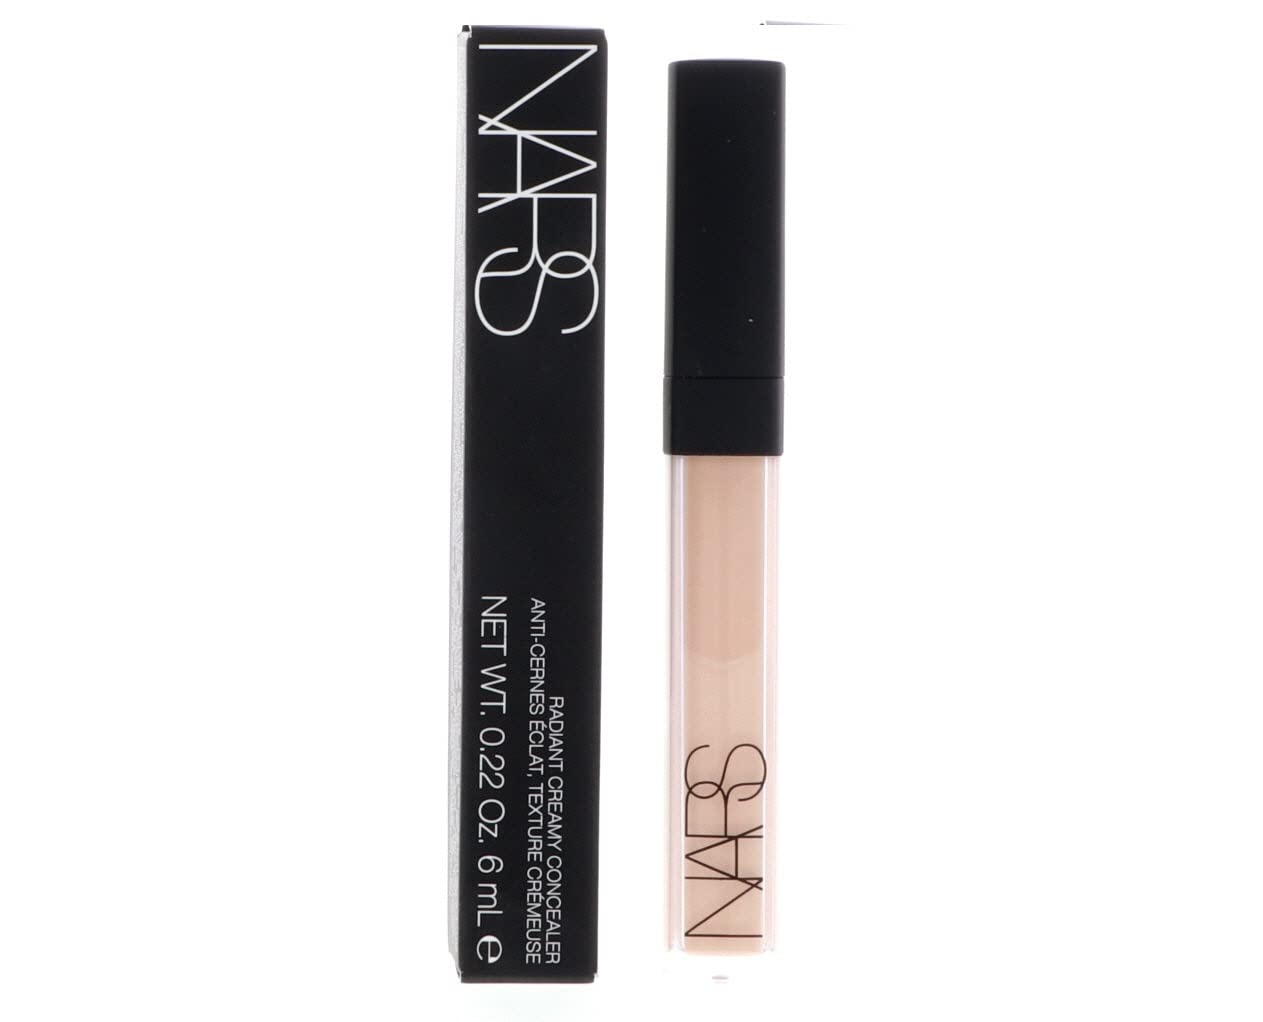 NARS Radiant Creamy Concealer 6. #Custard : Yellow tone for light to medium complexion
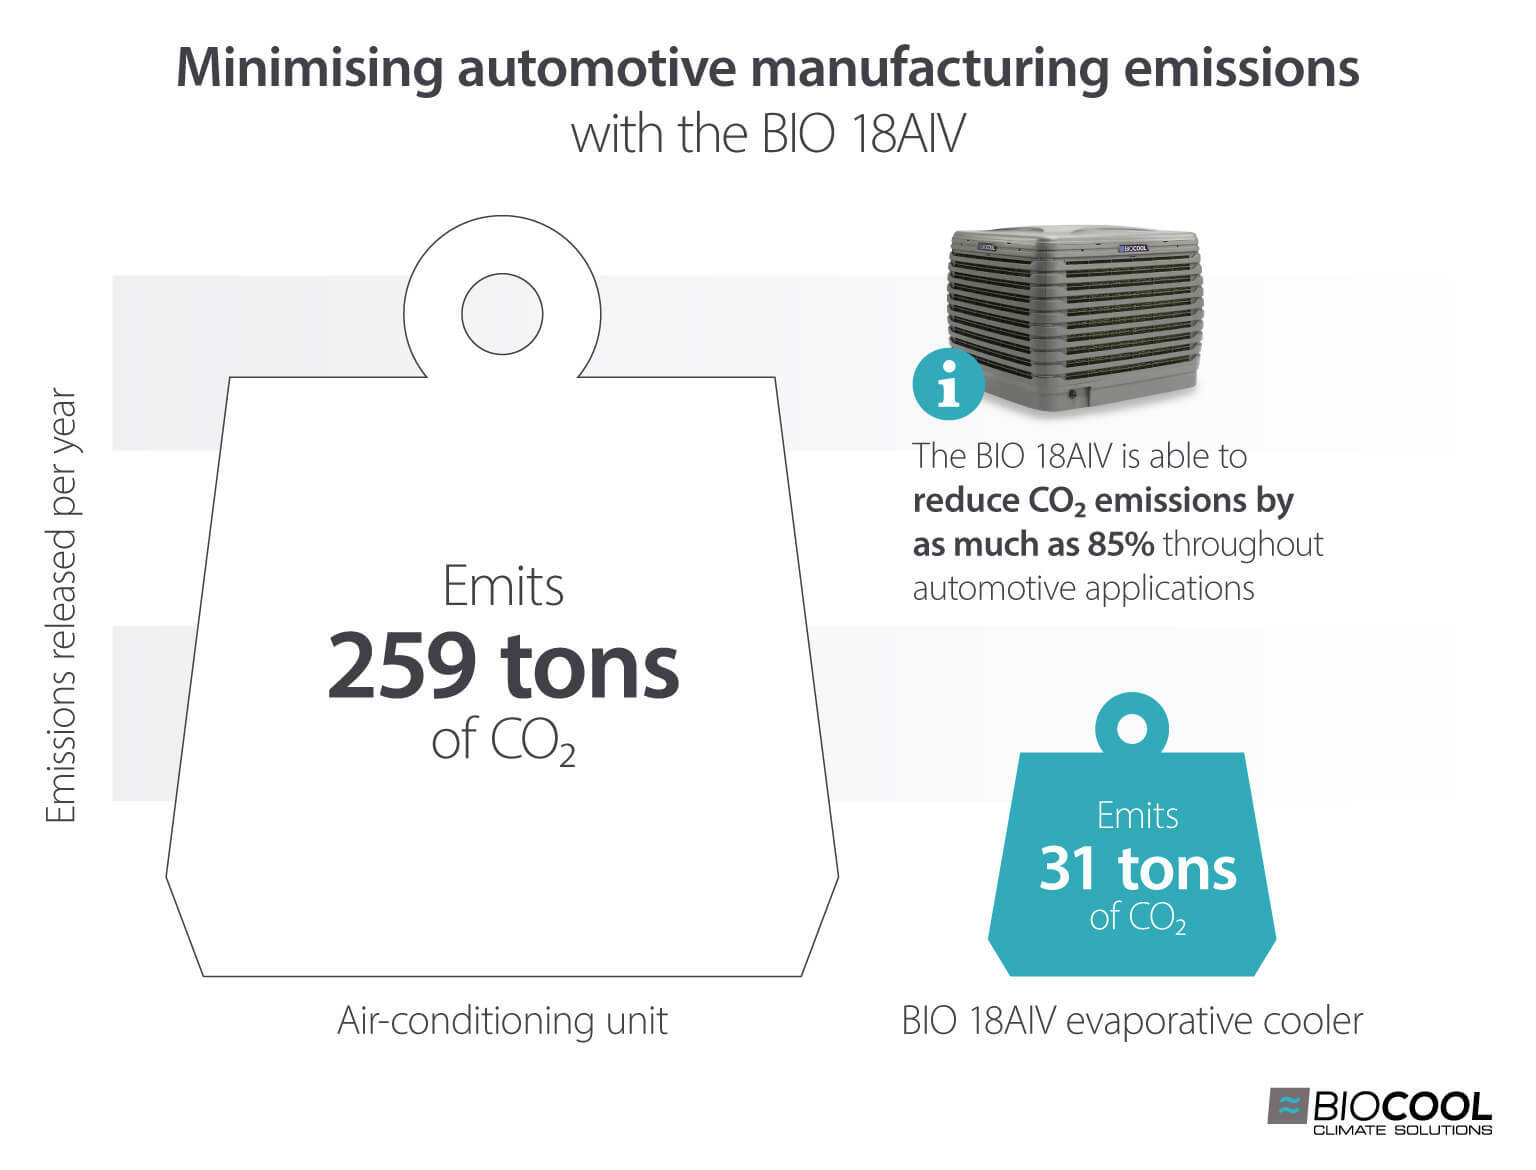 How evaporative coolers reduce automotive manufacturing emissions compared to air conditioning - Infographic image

==

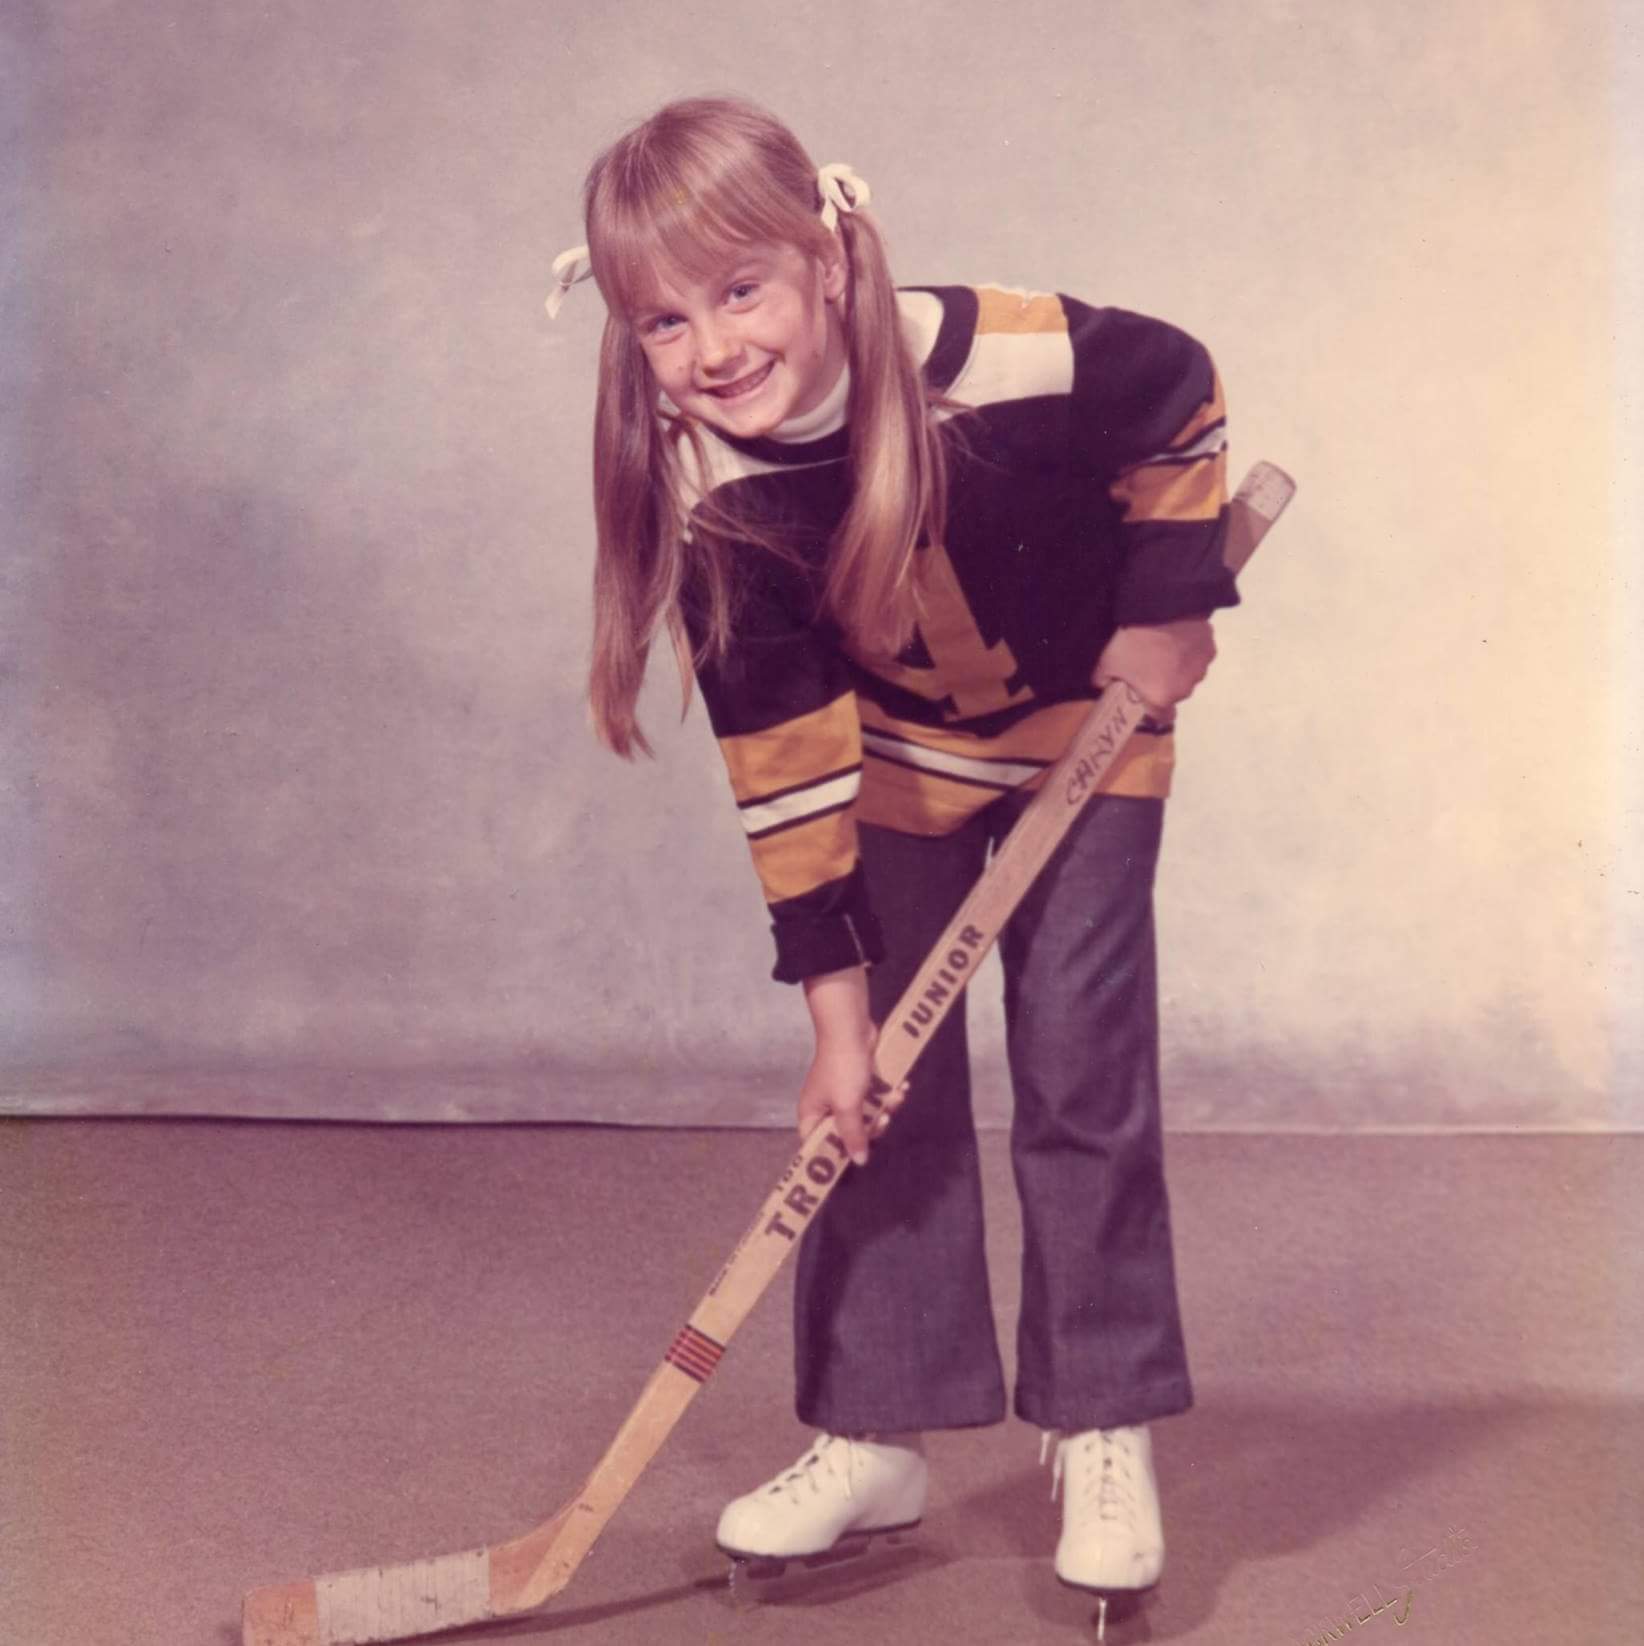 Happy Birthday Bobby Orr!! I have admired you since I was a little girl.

--

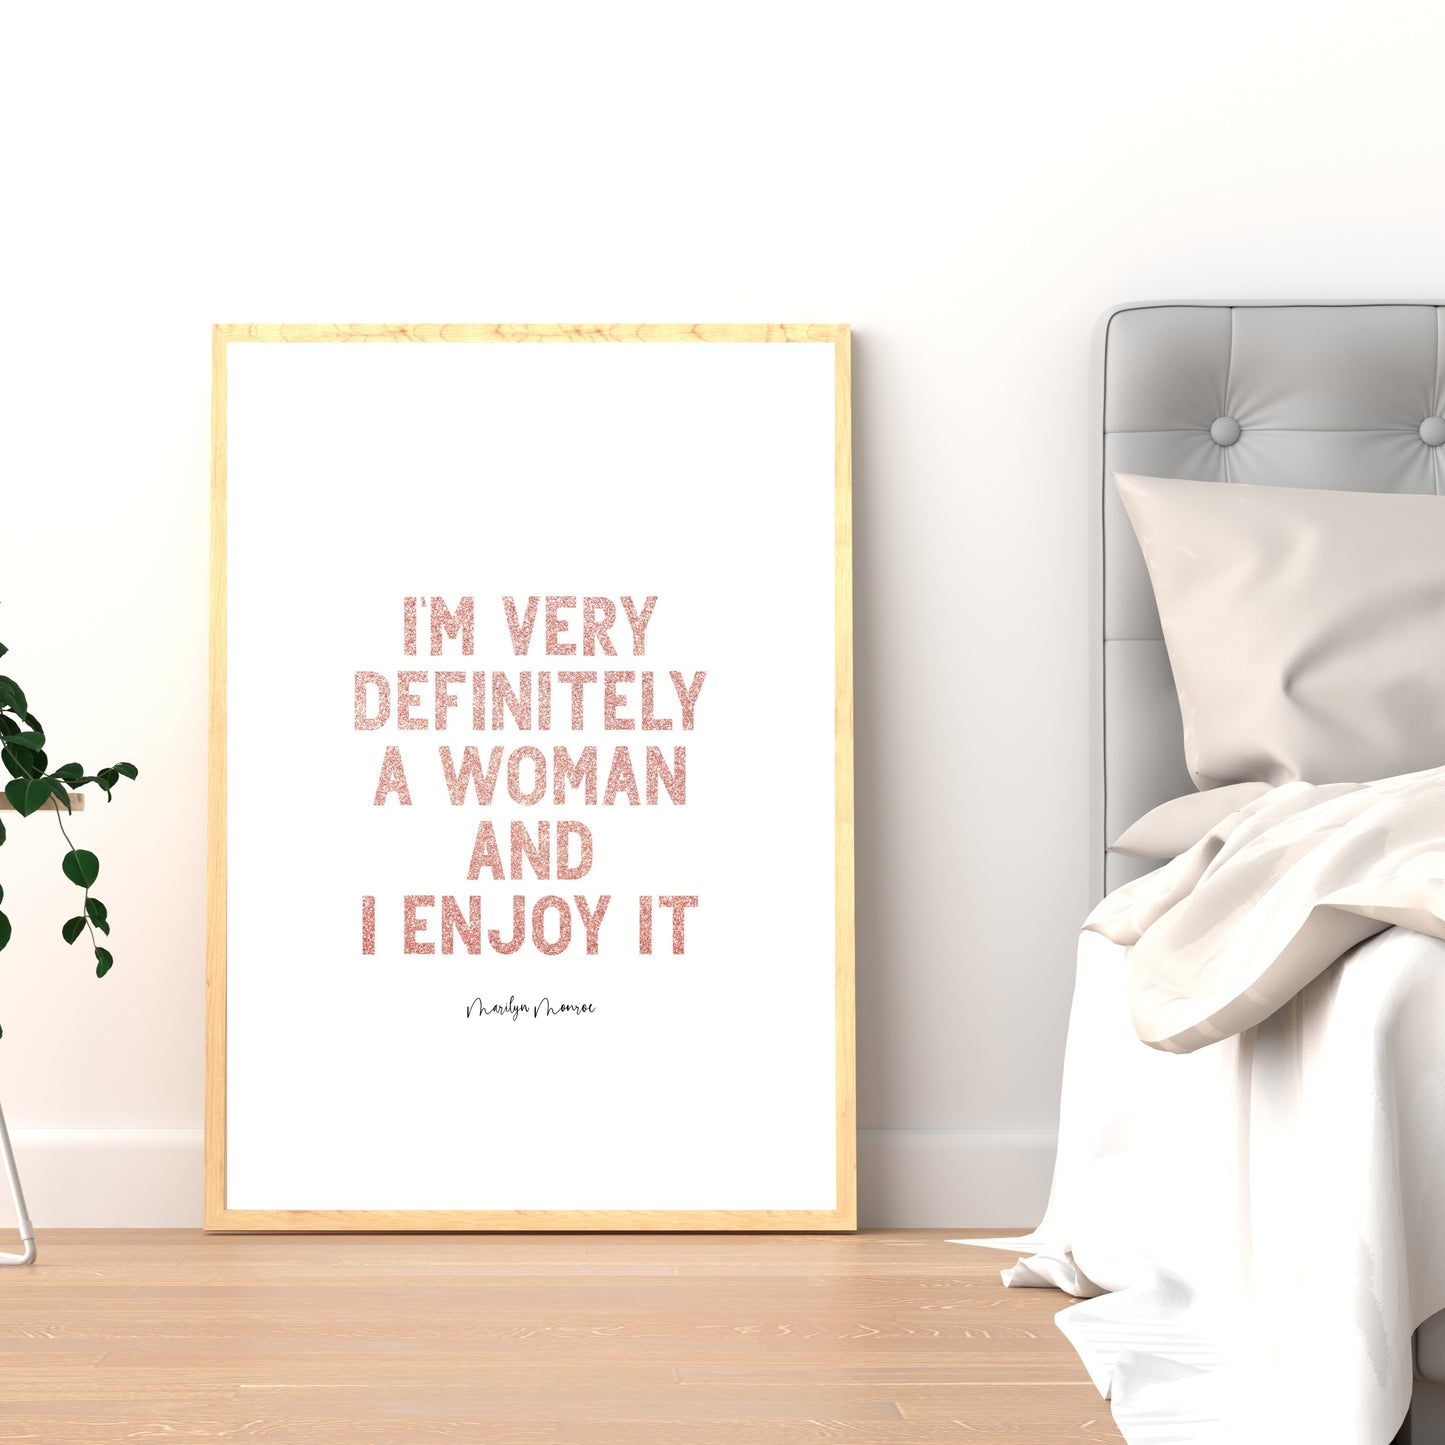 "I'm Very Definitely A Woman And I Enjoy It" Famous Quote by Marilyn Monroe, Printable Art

[WORK ITEM] Find the line with "NARS Radiant Creamy" and the line with "How evaporative coolers" in the records above. Copy both and all lines between them exactly, without pictures.

[SOLUTION TO THE PROBLEM]
 NARS Radiant Creamy Concealer 6. #Custard : Yellow tone for light to medium complexion
 How evaporative coolers reduce automotive manufacturing emissions compared to air conditioning - Infographic image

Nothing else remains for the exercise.